_Supplied records_
-*-

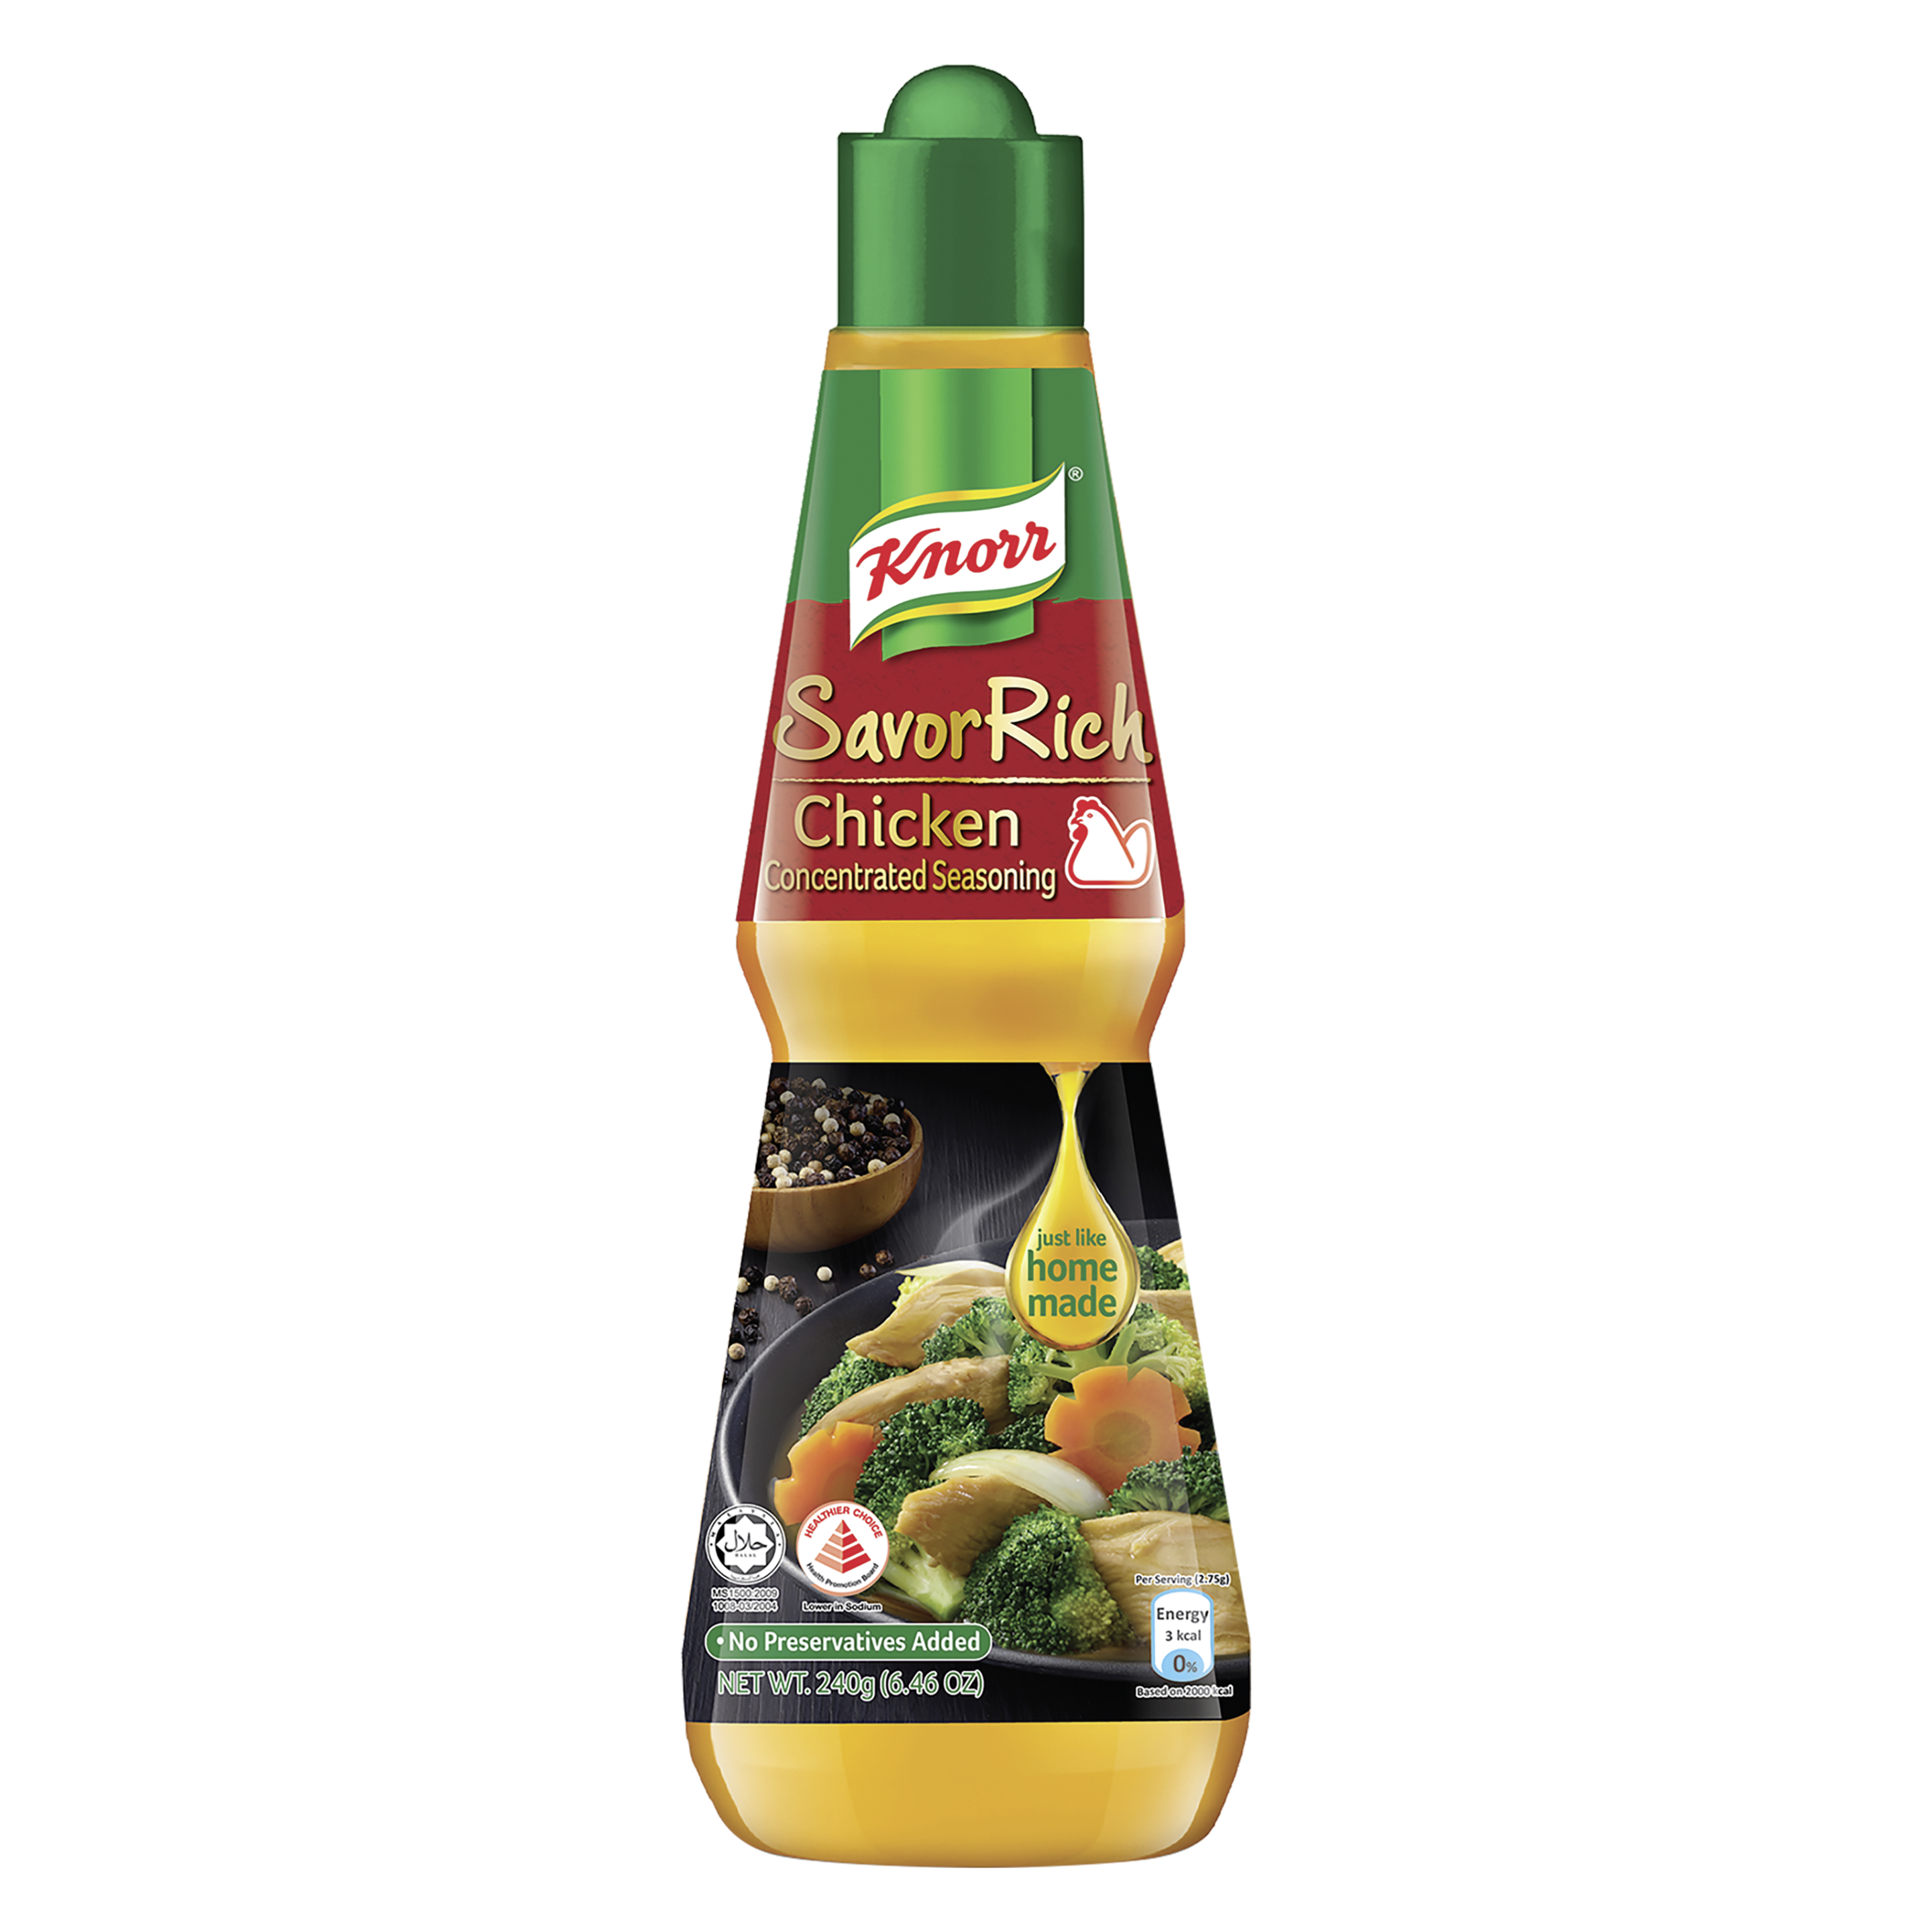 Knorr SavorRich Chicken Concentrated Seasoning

-*-

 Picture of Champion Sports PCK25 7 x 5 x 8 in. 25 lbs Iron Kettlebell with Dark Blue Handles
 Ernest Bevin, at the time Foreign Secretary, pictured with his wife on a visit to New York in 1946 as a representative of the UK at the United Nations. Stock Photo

-*-

Copy the lines of the data above exactly as written, beginning with the line containing "Picture of Champion" and ending with the line containing "Ernest Bevin, at", and leave out all other lines.

 Picture of Champion Sports PCK25 7 x 5 x 8 in. 25 lbs Iron Kettlebell with Dark Blue Handles
 Ernest Bevin, at the time Foreign Secretary, pictured with his wife on a visit to New York in 1946 as a representative of the UK at the United Nations. Stock Photo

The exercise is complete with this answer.